Алексей полез на дядю с кулаками, чтобы доказать ему возмутительность чтения чужих писем. Дядя отшутился, в шутке взяв руки Алексея и помяв ему кости. Алексей не понимал такой гадости – ни со стороны Шуры, ни со стороны дяди. Готфрид Готфридович сказал:
– Ты разорви эти письма, тебе должно быть стыдно за них.
Алексей пошел читать письма фрау Леонтине. Тогда Готфрид Готфридович, несвойственно для немцев осердившись, отнял эти письма и бросил их в печку. И тогда впервые увидал Алексей, как плакала фрау Леонтина, крупными безмолвными слезинками.
Здесь кончается глава первая рассказа. Алексей уехал в мае от Готфрида Готфридовича – навсегда, чтобы поступать в жизнь.
Глава вторая рассказа – истоками своими имеет главу первую, но узлы ее развязались пять лет спустя. За эти годы возникла война, увертюра революции. В эту увертюру Готфрид Готфридович купил себе на реке Кадомке, над Окою, усадьбу. Сам он по-прежнему жил в губернском городе, разъезжая по уезду, – в усадьбе же посадил фрау Леонтину, где она примерное немецкое завела хозяйство, молочное, маслобойное, свиное, усадьбу покрыв, по-немецки, черепицами.
Надо восстановить историческую обстановку. Проходили четырнадцатый, пятнадцатый годы: война с немцами, когда каждая победа немцев на фронте отражалась немецкими погромами в тылу. Фрау Леонтина почти не говорила по-русски. В колоссальном одиночестве (излюбленное немцами слово – колоссал), в чужой стране, в непонимаемой стране, во враждебной стране (ибо, все же, Германия была страною рождения и – в дали – была идеалом), без языка, гордая эта женщина, молчаливая, всегда в белом платье, – неделями, месяцами, одиночествовала в чистоте и порядке поистине уже немецкого под черепицами дома, в коровниках, где пол блестел, в свинарниках, где свиньи утверждали неизвестную в России истину того, что свинья – чистоплотнейшее животное.
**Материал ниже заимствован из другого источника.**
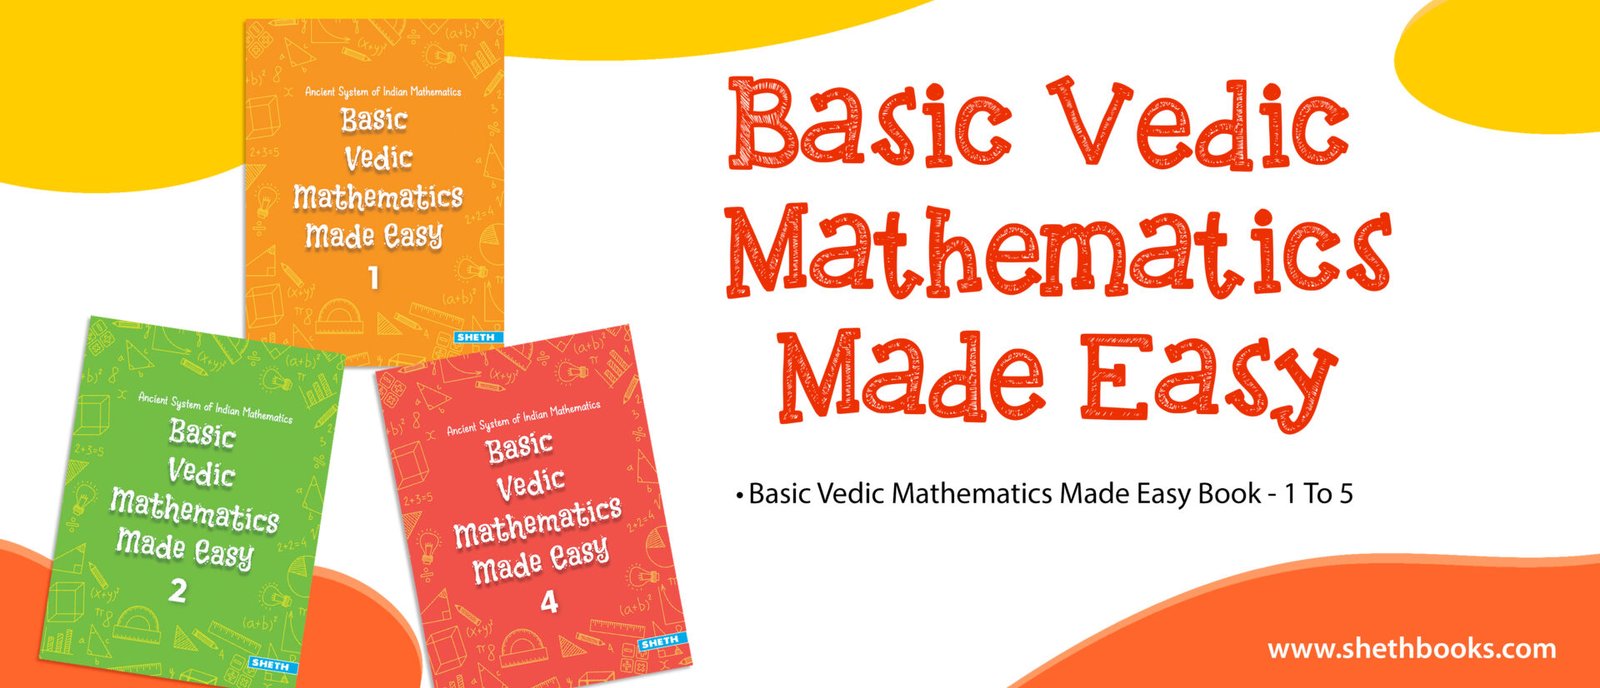 Vedic Maths Book
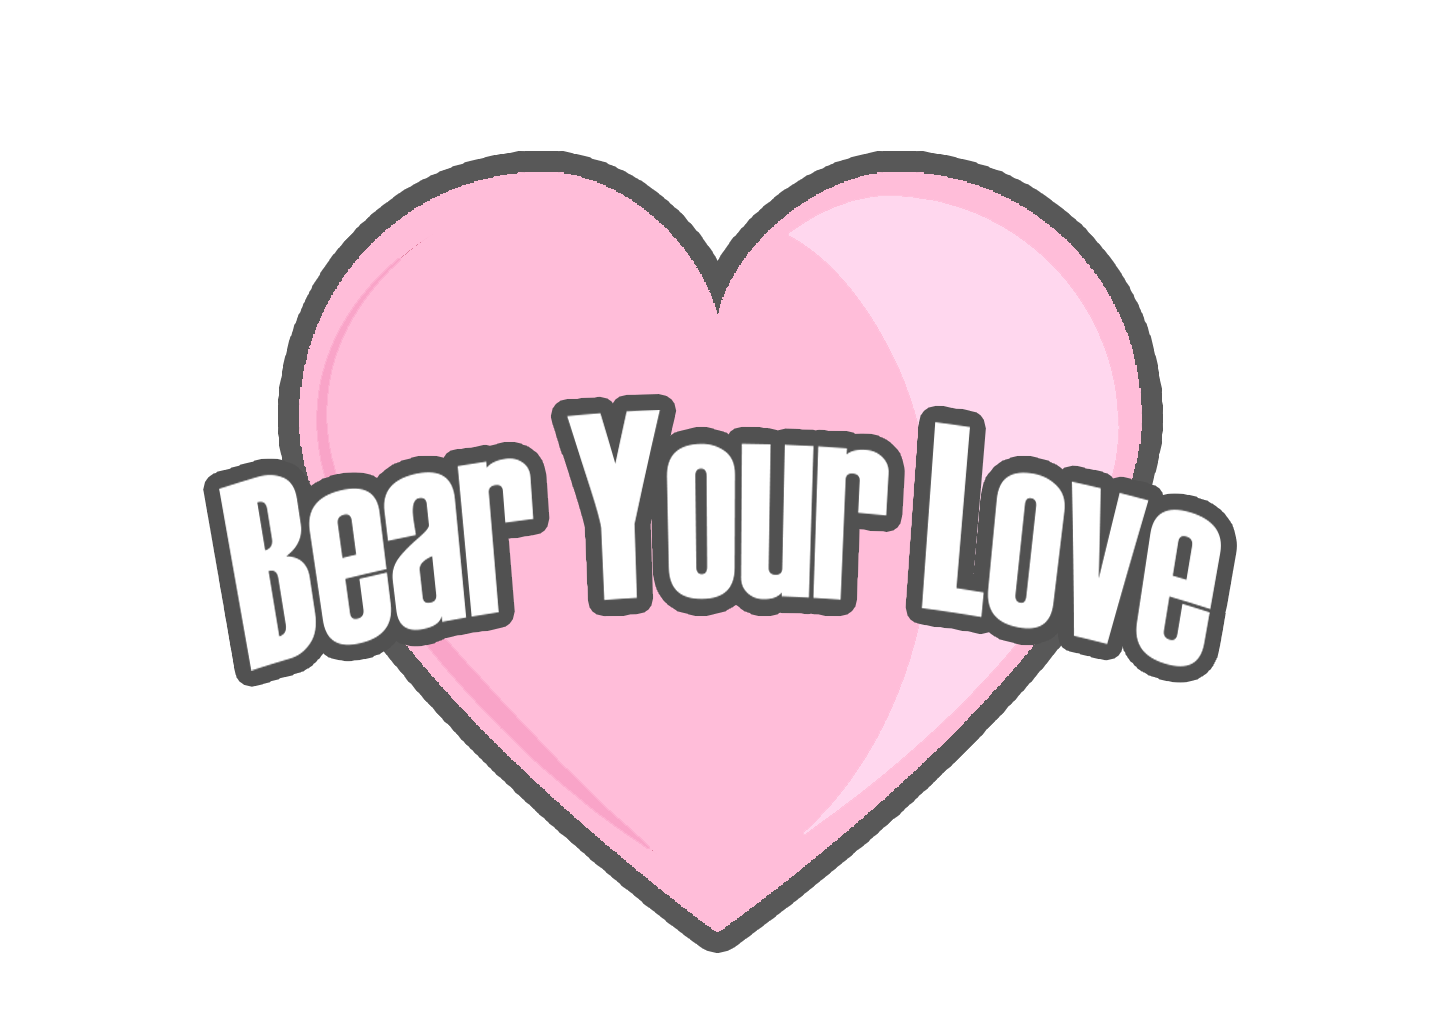 Bear Your Love

Вечера проходили у лампы с книгами в напряженном слухе, когда инстинктивно слушали уши – не зазвенел ли уездный колокольчик пары Готфрида Готфридовича (который настоятельно стал к этому времени Федором Федоровичем!), – не крадутся ли погромщики громить ее – немку?.. – Зимами в сумерки уходили лыжные следы: женщина шла ровно, покойно, чуть наклонив вперед и вниз головой, руки ее не по-русски были отброшены назад.
Готфрид Готфридович – Федор Федорович – наезжал всегда неожиданно, вечерами, – справлялся о телках и нетелях, – с фонарем обходил хозяйство, – говорил политические новости, шепотом сообщал и о русских, и о немецких победах, шепотом ставил прогнозы сепаратного мира, – затем отпирал свиной кожи свой портфель и садился к письменному столу за бумаги, за сине-красный карандаш: он был очень занят, он очень спешил. Перед сном, прячась от фрау Леонтины, он вынимал из кармана и клал под подушку револьвер.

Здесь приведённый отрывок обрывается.